Un constat amer qui appelle à des mesures énergiques de la part des autorités pour éviter le mécontentement des consommateurs.
Depuis une semaine, les craintes suscitées de toutes parts par une nouvelle pénurie de lait s’avèrent aujourd’hui bien fondées. Les prémices de la crise sont là et bien là. Deux syndicats agricoles ont donné l’alerte : l’Utap clamait que « la crise est inévitable » et le Synagri « met en garde contre une pénurie de lait ». Un petit tour dans les supermarchés et vous comprendrez que vous n’aurez droit qu’à deux petits paquets de lait demi-écrémé en caisse.
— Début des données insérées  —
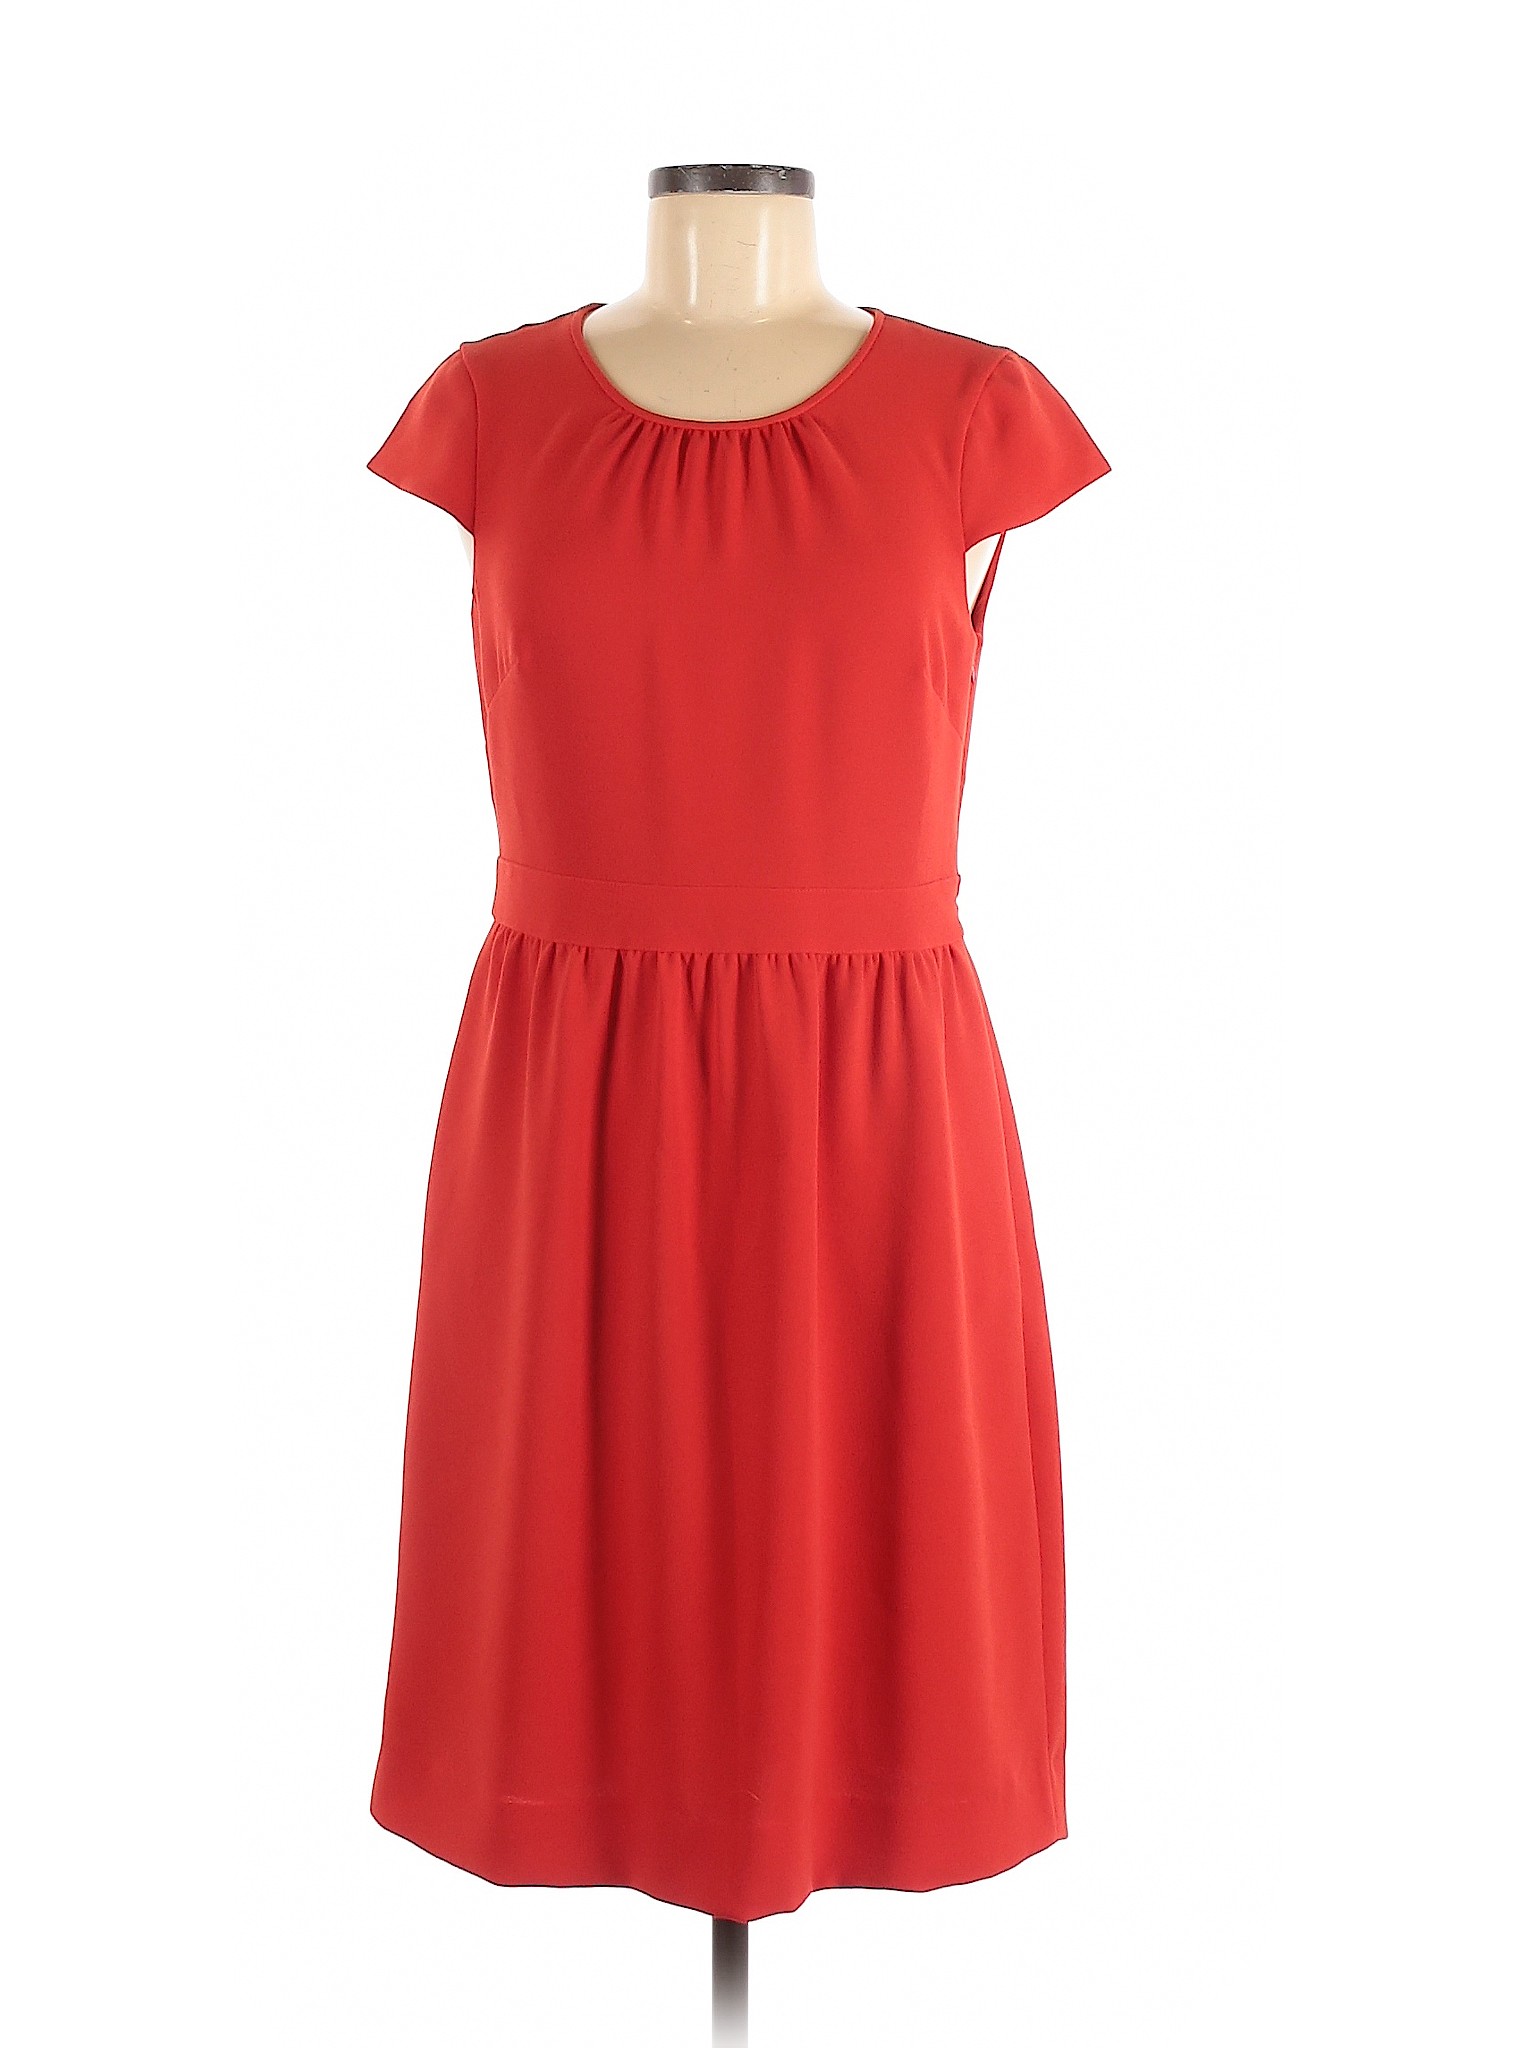 J.Crew Women Red Casual Dress 6 | eBay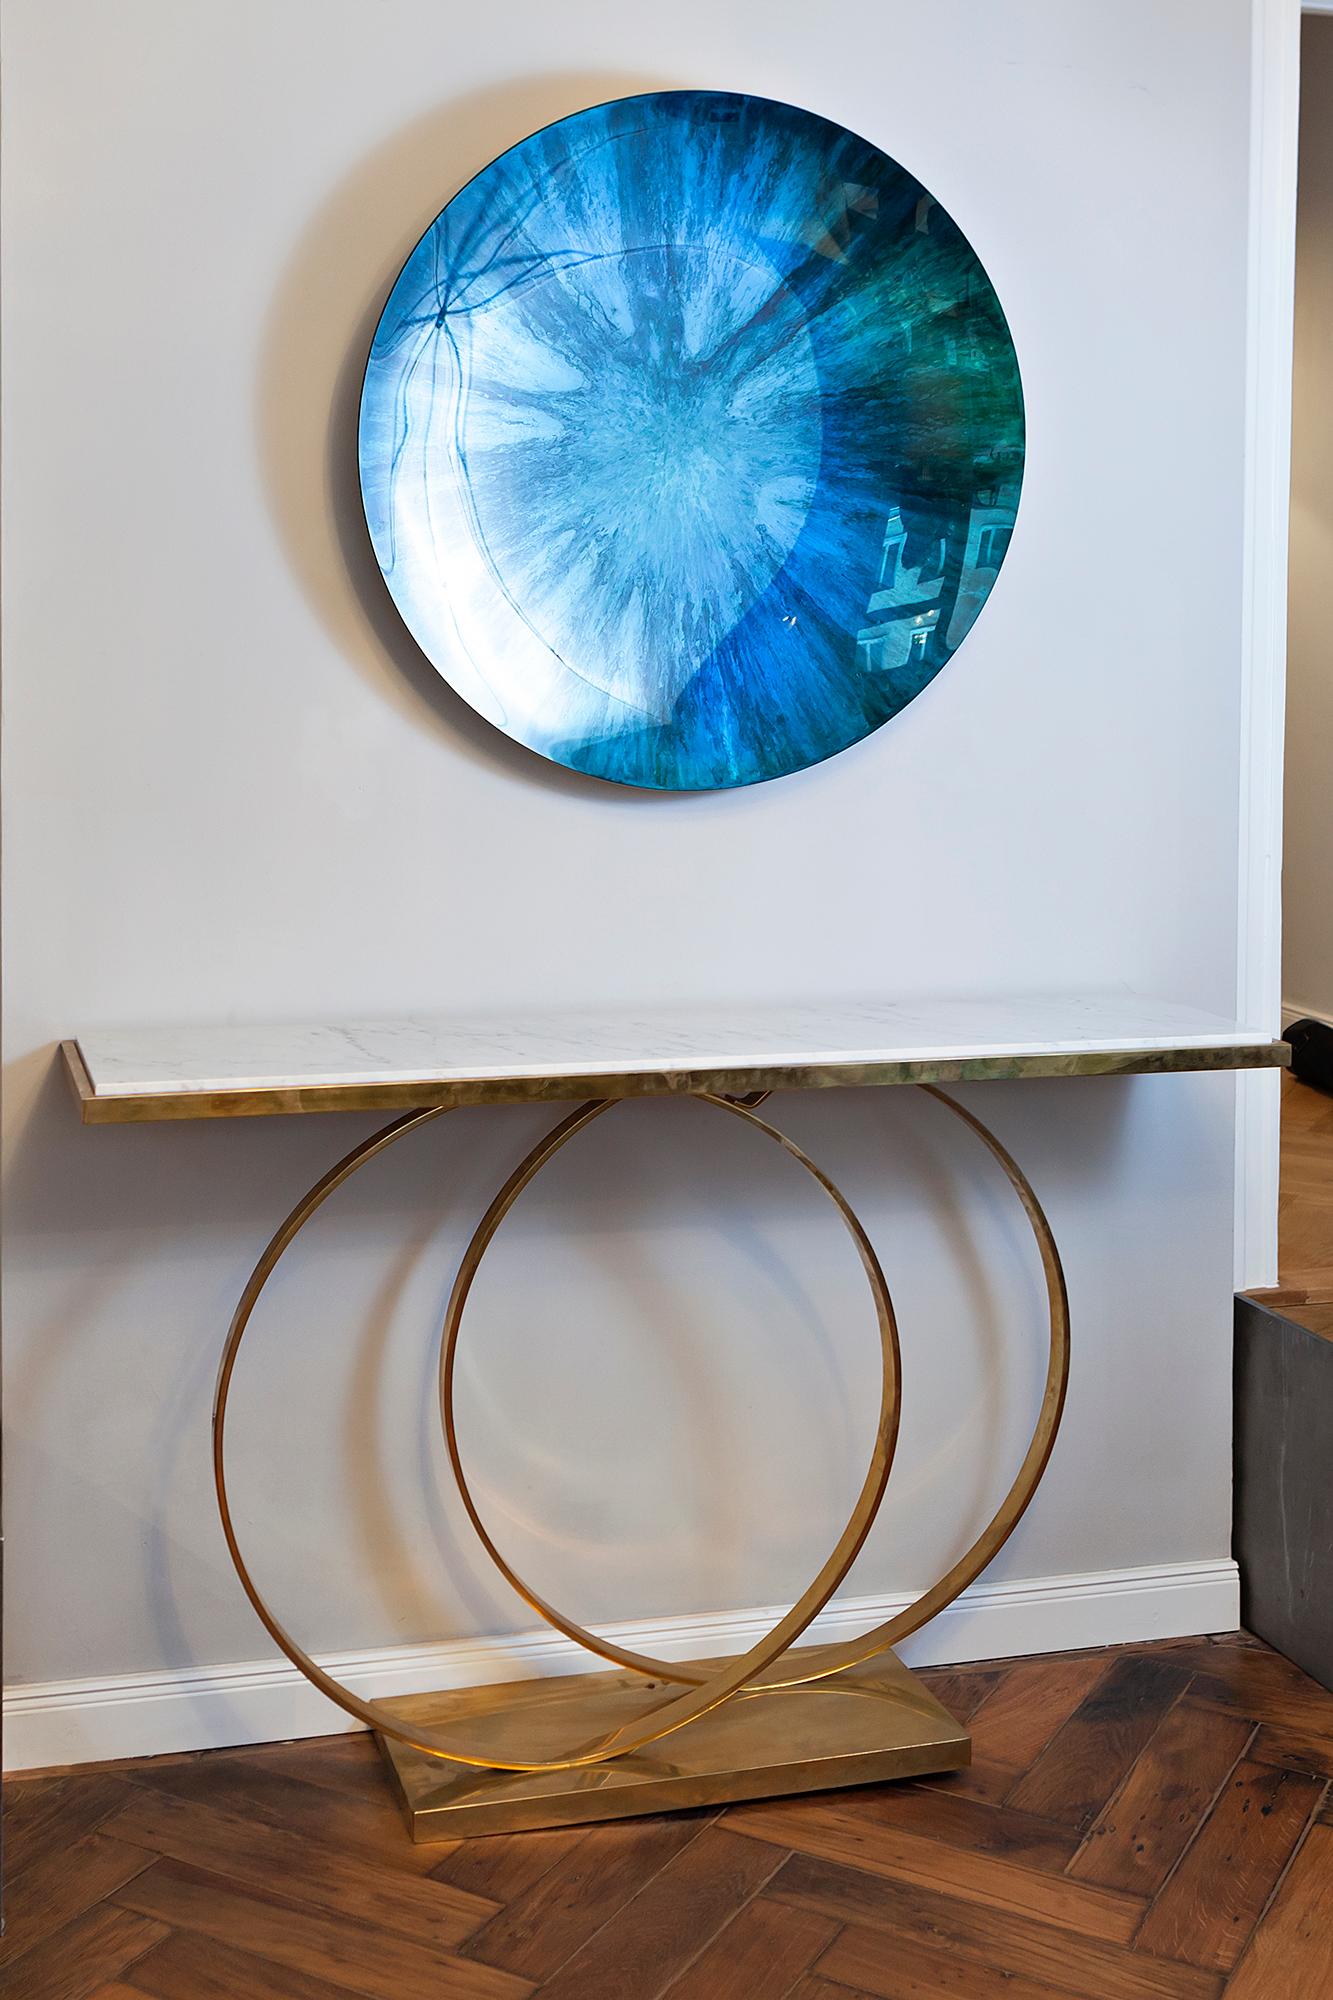 Contemporary Mirror Object by Christophe Gaignon, Blue Green Color

Le rationnement est de retour. La surconsommation et la vente conditionnée refont surface. Le lait qui n’était déjà pas présent en abondance sur les étalages des grandes surfaces ces derniers temps fait de nouveau des siennes.
Il recommence à manquer terriblement surtout dans les petites surfaces et les épiceries.
Il y a fort à parier qu’on n’en trouvera tout bonnement pas dans ce contexte de pénurie. Certains se procurent quelques paquets de lait demi-écrémé à l’aube du matin avant que le stock ne s’épuise, pour le reste « circulez, il n’y a rien à voir ».
Une pénurie cyclique ?
Depuis quelques années, le consommateur tunisien s’est habitué à composer avec la pénurie de lait au point qu’il lui fallait consentir à acheter du lait belge ou espagnol ou d’accepter de réduire sa consommation de lait. Les industriels, de leur côté, ont dû retirer l’ouverture ou « bouchon blanc » du paquet pour réduire les coûts de production.
D’autres professionnels de la filière laitière ont proposé le retour progressif à un emballage moins « design » avec le sachet ou la bouteille plastique.
Malgré tout cela, entre ce qui a été fait et ce qui n’a pas été encore fait, on se retrouve au point de départ. Les problèmes sous-jacents dans la filière laitière remontent à quelques années auparavant et continuent d’avoir cours. Si on connaît les difficultés de certains groupes industriels qui ont dû mettre la clé sous le paillasson à cause de la concurrence et de la crise dans la production laitière, ce sont inévitablement les éleveurs qui sont le maillon faible et qui pâtissent le plus de la situation de crise du secteur.
Les éleveurs les plus touchés par la crise
Ils vendent le lait à perte et ne margent pas pour un sou. Le prix du lait demi-écrémé fait encore jaser dans toutes les sphères, de la production à la consommation. Les éleveurs qui vendent à petit prix leur production à la limite du bradage vivotent. Ce sont comme toujours les trois, quatre ou cinq groupes d’intermédiaires du circuit de distribution qui se remplissent les poches. En attendant la nouvelle crise brandie par les syndicats, même si on peut admettre qu’on est en période de basse lactation, n’est pas à prendre à la légère et risque d’affecter sérieusement la consommation des ménages. De nombreuses voix appellent le gouvernement à revoir à la hausse le prix du lait et de trouver des solutions pour les éleveurs. Karim Daoud, président du Synagri, ne baisse pas le ton affirmant dans une déclaration à la TAP : « Une baisse des quantités de lait produites au cours de la prochaine période est prévue».
Le gouvernement va-t-il avoir de nouveau recours à l’importation comme durant l’année 2018 pour pallier les déséquilibres ? Ou bien va-t-il trouver des solutions radicales pour soigner les maux de la filière laitière qui agonise sur tous les plans ?
Rien qu’au cours des dernières années, la Tunisie a enregistré une baisse de 25% du cheptel de vaches laitières et un recul de 20% de la production nationale, selon le Synagri. Les attentes du syndicat agricole sont triples : augmentation du prix d’achat du litre de lait frais, subventions sur les fourrages et la mise en place d’une politique d’importation des génisses.